O deputado federal Mersinho Lucena (PP) fez duras críticas nesta terça-feira (20) às denúncias envolvendo supostos desvios de recursos no programa social Tá na Mesa e afirmou que o escândalo pode comprometer a continuidade da iniciativa que atende milhares de famílias em situação de vulnerabilidade na Paraíba.

Durante entrevista à imprensa da Paraíba, Mersinho classificou a situação como “grave” e afirmou que os prejuízos provocados pelas irregularidades investigadas podem atingir diretamente cerca de 50 mil paraibanos que dependem diariamente do programa de alimentação popular.

“O risco é 50 mil paraibanos ficarem sem alimentação por conta desse calote e desses desvios denunciados”, declarou o parlamentar.

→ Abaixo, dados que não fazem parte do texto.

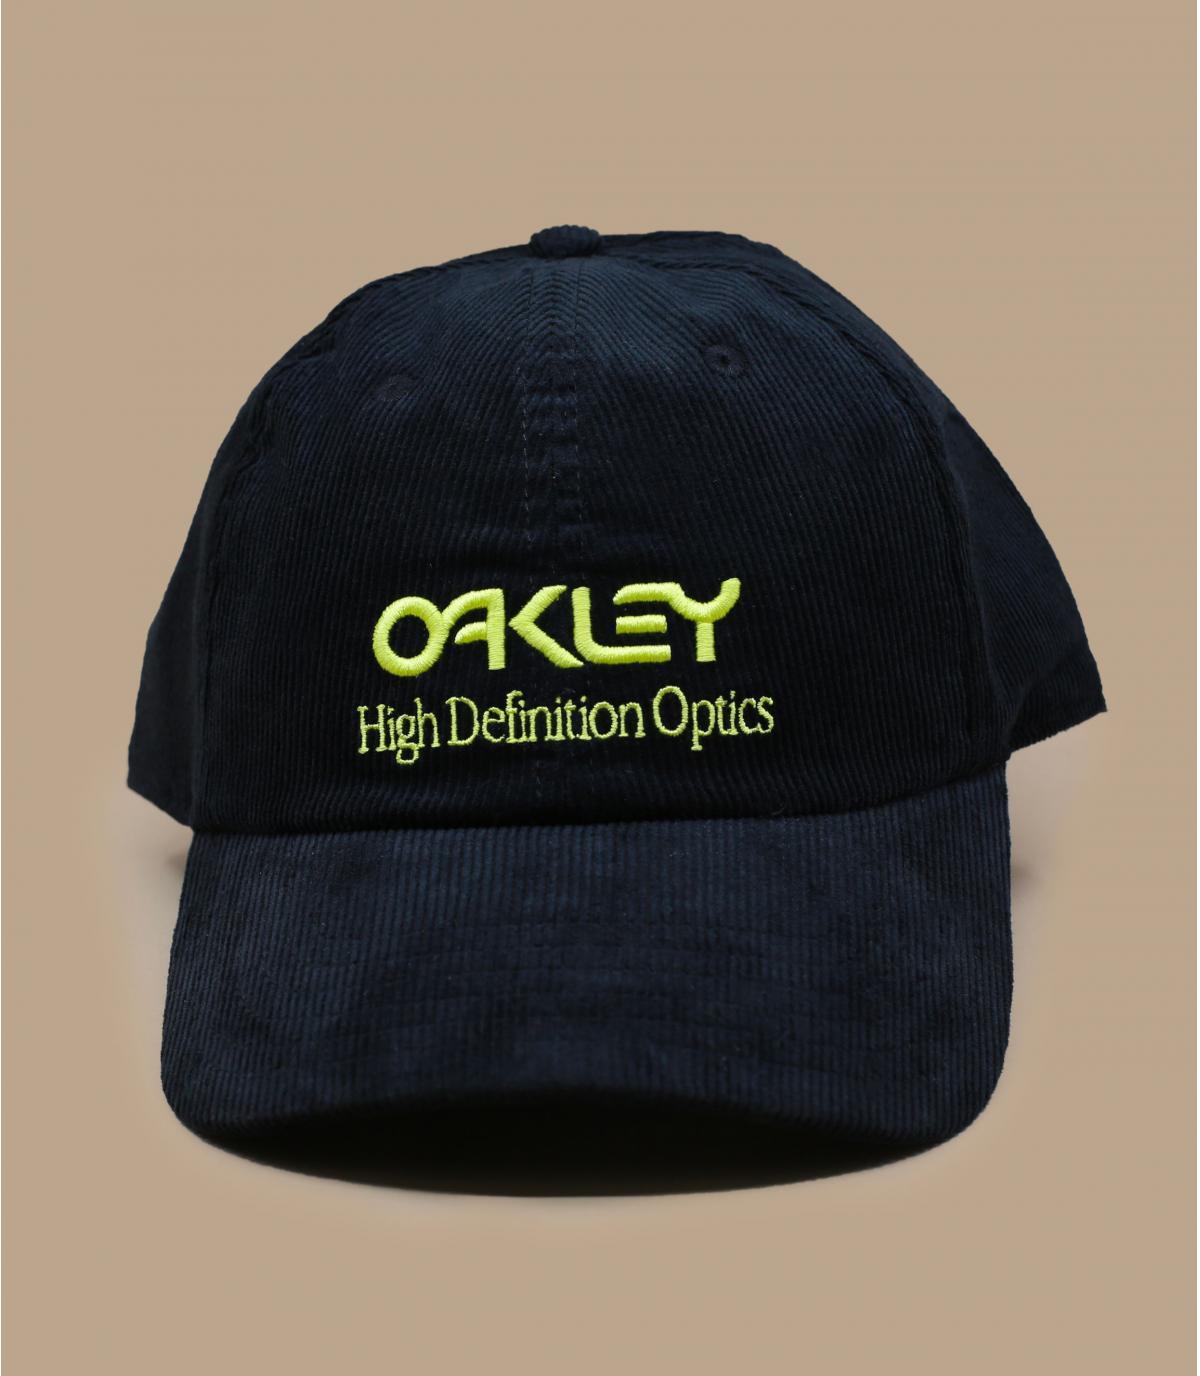 casquette Oakley velours noir

A fala ocorre após o Grupo de Atuação Especial Contra o Crime Organizado (Gaeco) denunciar um suposto esquema de desvio de mais de R$ 10,3 milhões dentro do programa Prato Cheio, ligado ao Hospital Padre Zé e executado por meio da Secretaria de Desenvolvimento Humano da Paraíba.

Segundo o Ministério Público da Paraíba, o esquema investigado teria ocorrido entre 2021 e 2023 e envolvido contratos para distribuição de refeições em cidades como João Pessoa, Campina Grande, Guarabira, Pombal e Cajazeiras.

As investigações apontam que o programa previa a entrega de cerca de 4 mil refeições diárias apenas em João Pessoa, mas aproximadamente 1.570 teriam sido efetivamente distribuídas, mesmo com o pagamento integral dos convênios.

Entre os denunciados pelo Gaeco estão os ex-secretários estaduais Tibério Limeira (PSB) e Pollyanna Werton (PP), além do padre Egídio de Carvalho, ex-diretores do Hospital Padre Zé, servidores públicos e empresários ligados ao fornecimento das refeições.

Nos bastidores políticos, o caso passou a ser tratado como um dos temas mais delicados para o grupo governista às vésperas das eleições de 2026, principalmente pelo impacto social do programa e pela repercussão das denúncias envolvendo recursos destinados à alimentação de pessoas em situação de vulnerabilidade.

Mersinho também afirmou que a população precisa de respostas rápidas das autoridades e defendeu rigor nas investigações para identificar os responsáveis pelos supostos desvios.

As denúncias apresentadas pelo Ministério Público ainda serão analisadas pelo Órgão Especial do Tribunal de Justiça da Paraíba, responsável por decidir se as ações serão recebidas ou arquivadas.

RESUMO DA NOTÍCIA:

• Mersinho Lucena (PP) denunciou suposto “calote” no programa Tá na Mesa;
• Deputado citou investigação sobre desvio de R$ 10,3 milhões;
• Parlamentar alertou para risco de 50 mil pessoas ficarem sem alimentação;
• Gaeco investiga contratos ligados ao programa Prato Cheio;
• Ex-secretários e empresários estão entre os denunciados;
• Caso amplia tensão política na Paraíba às vésperas de 2026.